__Requirement__.
The entries below are to be restated exactly, and their images are to be omitted.

· · · · ·

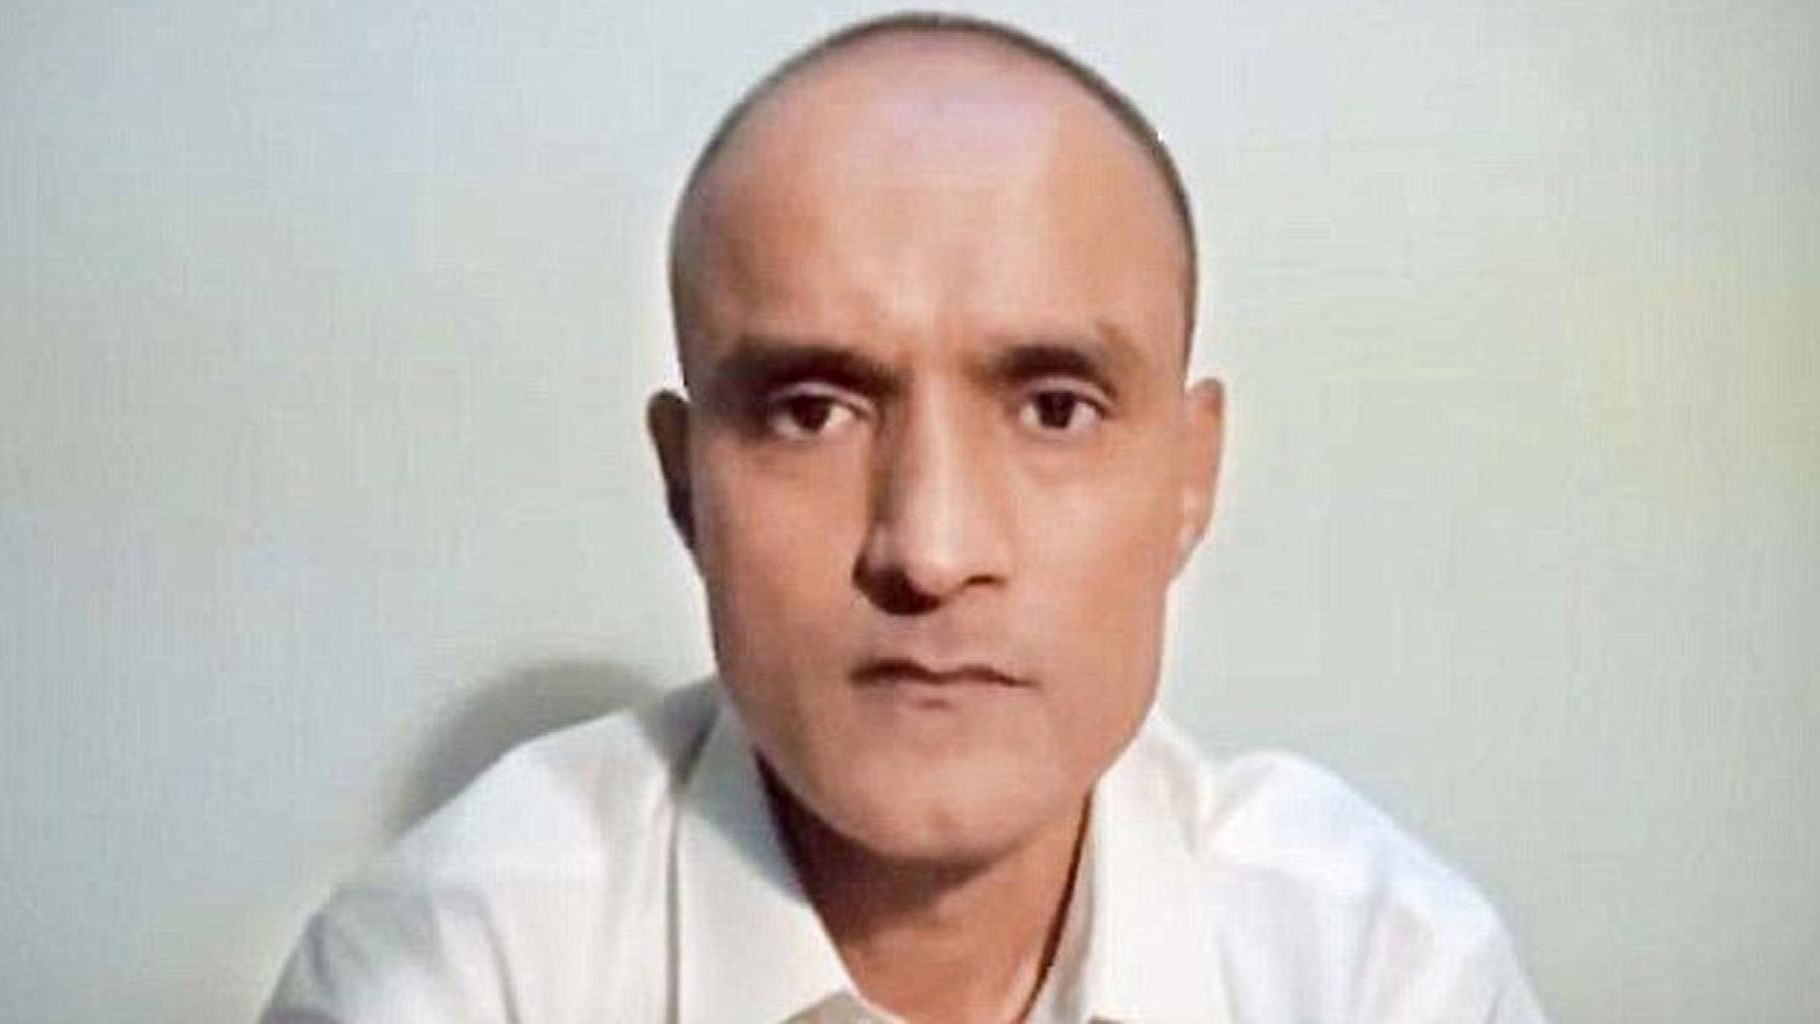 The death sentence to Kulbhushan Jadhav was confirmed by Pakistani army chief Gen Qamar Javed Bajwa after the Field General Court Martial (FGCM) found him guilty of all the charges. (Photo Courtesy: YouTube/Dawn News)
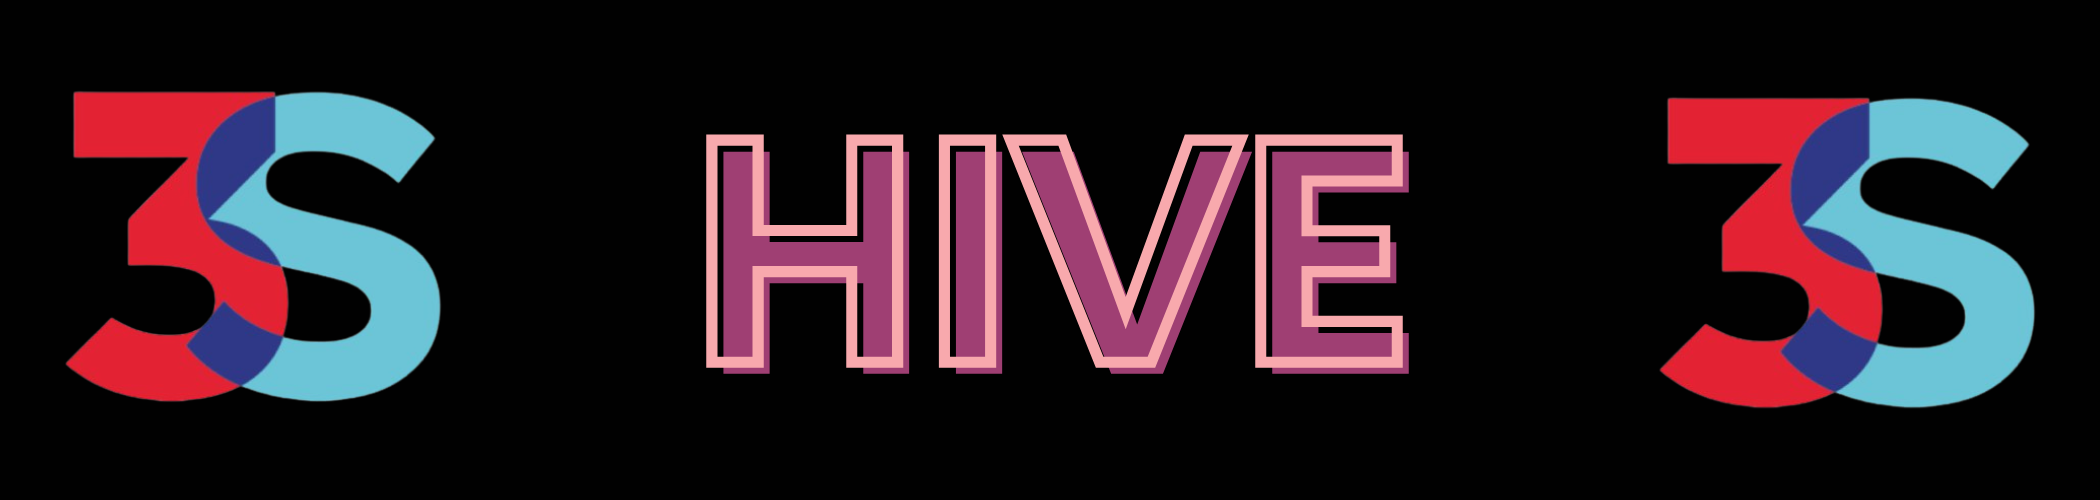 HIVE (1).png
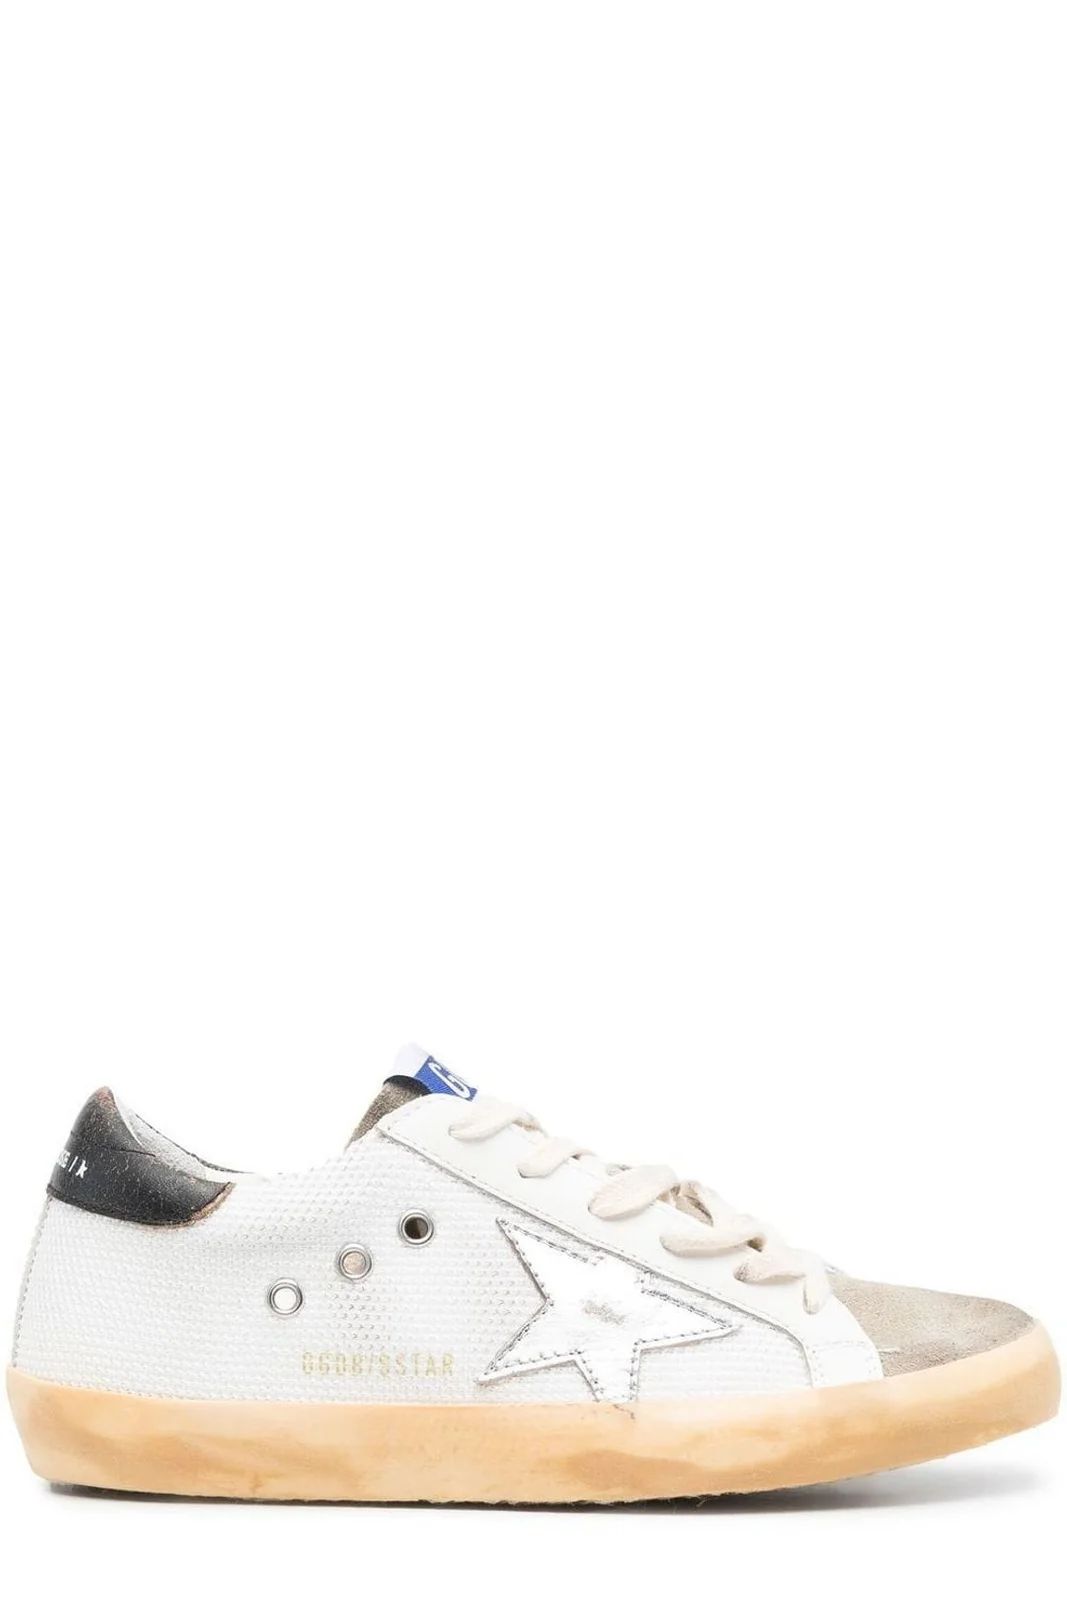 Golden Goose Deluxe Brand Super Star Lace-Up Sneakers | Cettire Global
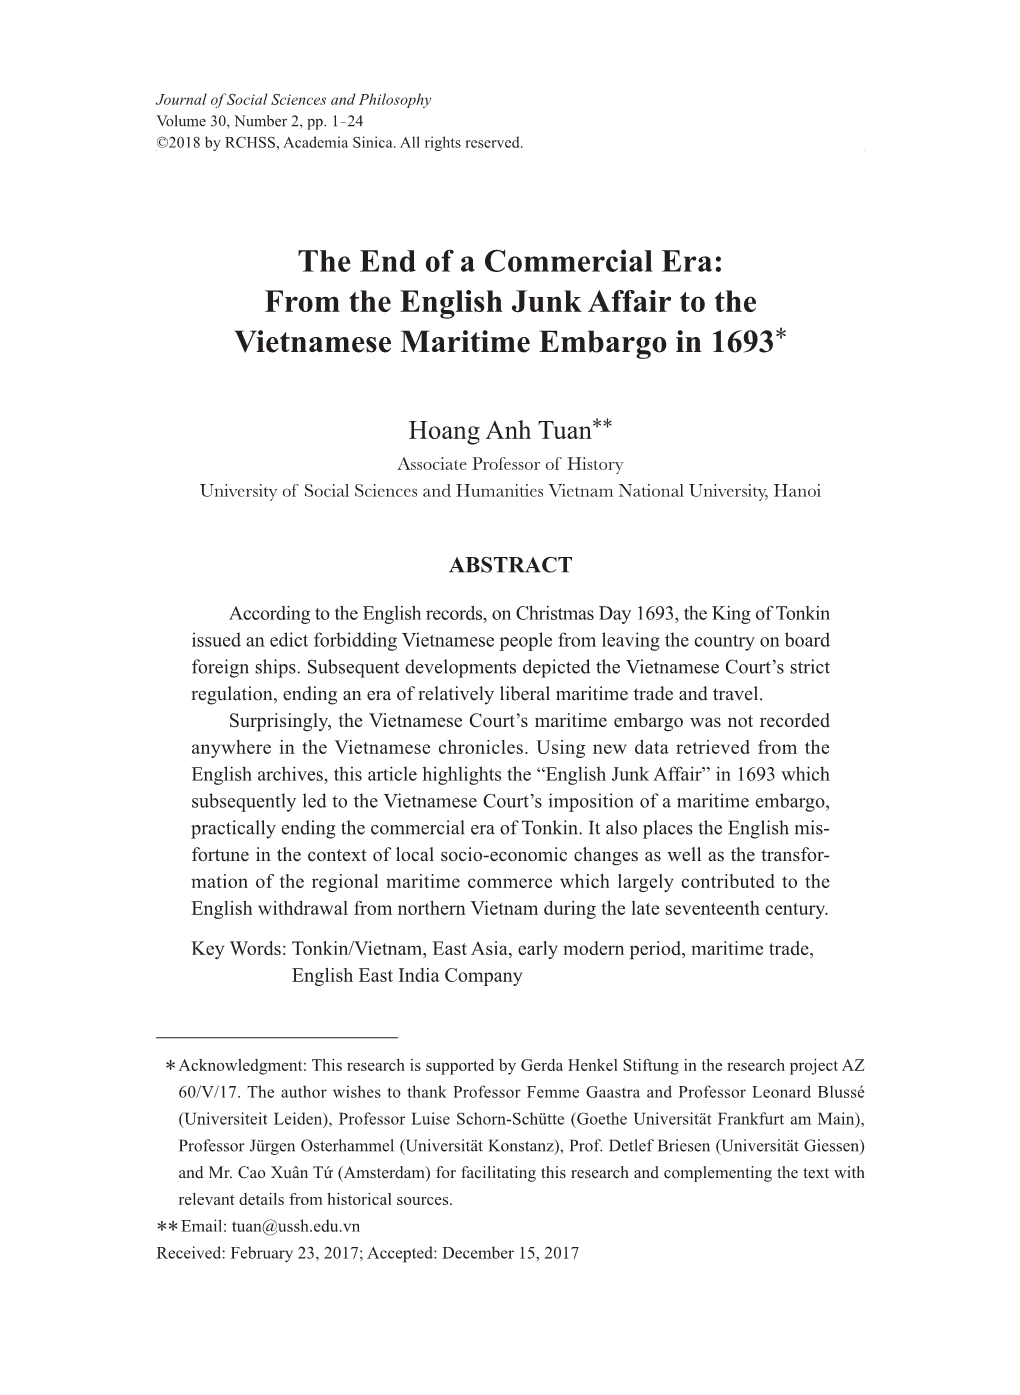 The End of a Commercial Era: from the English Junk Affair to the Vietnamese Maritime Embargo in 1693 1 ©2018 by RCHSS, Academia Sinica
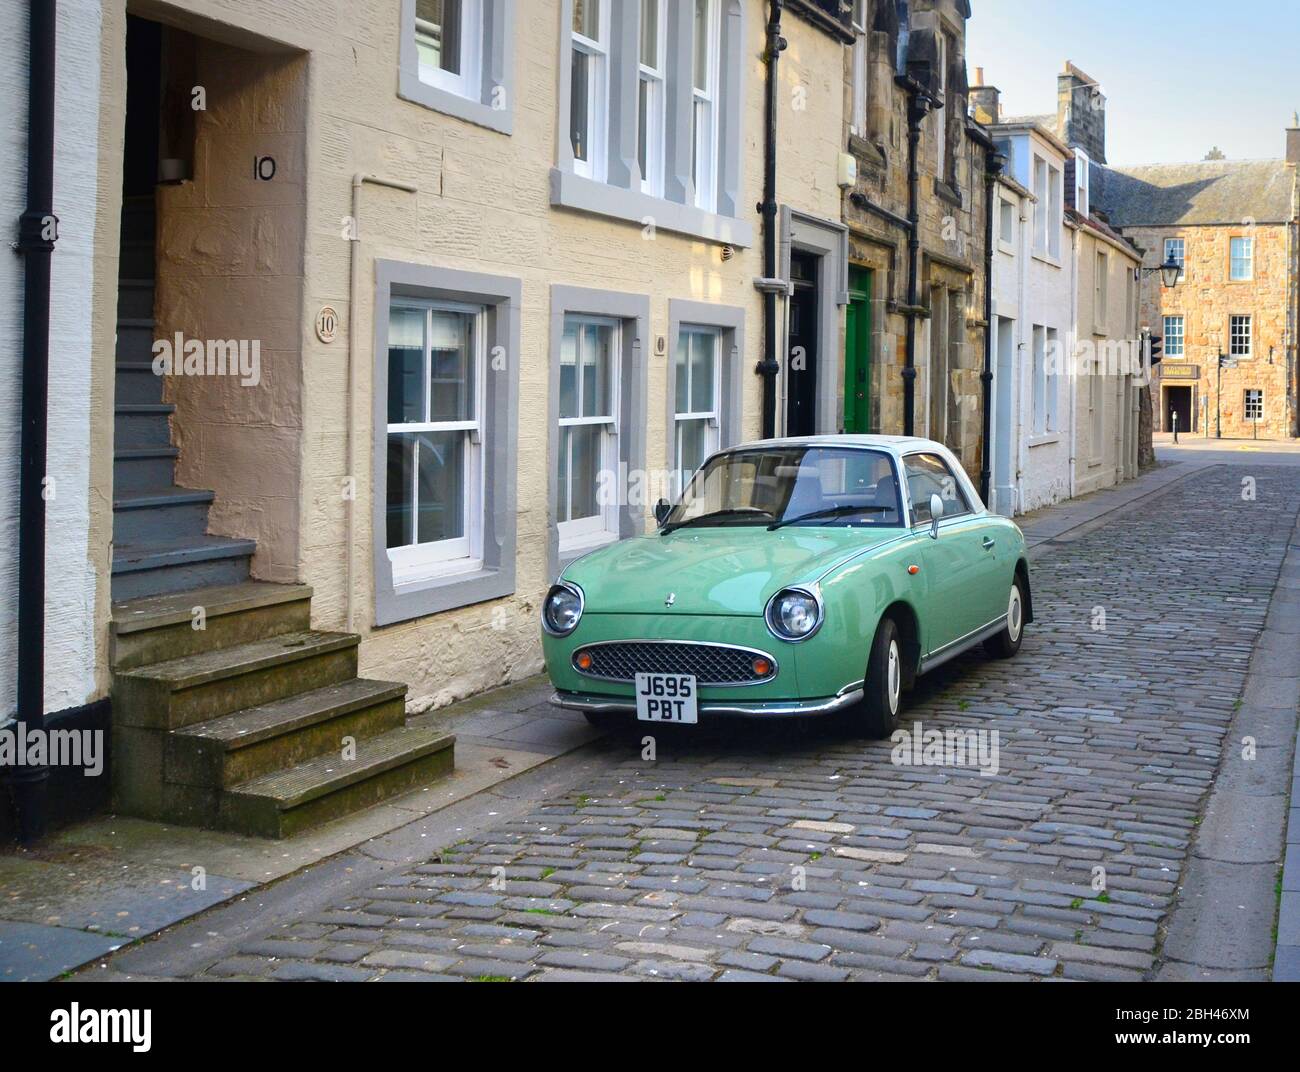 the retro 1960's looking car, the  Nissan Figaro parked on a cobbled street in the old town of St andrews, fife, Scotland Stock Photo

· · · · ·

__Output__.
 The death sentence to Kulbhushan Jadhav was confirmed by Pakistani army chief Gen Qamar Javed Bajwa after the Field General Court Martial (FGCM) found him guilty of all the charges. (Photo Courtesy: YouTube/Dawn News)
 HIVE (1).png
 Golden Goose Deluxe Brand Super Star Lace-Up Sneakers | Cettire Global
 The End of a Commercial Era: from the English Junk Affair to the Vietnamese Maritime Embargo in 1693 1 ©2018 by RCHSS, Academia Sinica
 the retro 1960's looking car, the  Nissan Figaro parked on a cobbled street in the old town of St andrews, fife, Scotland Stock Photo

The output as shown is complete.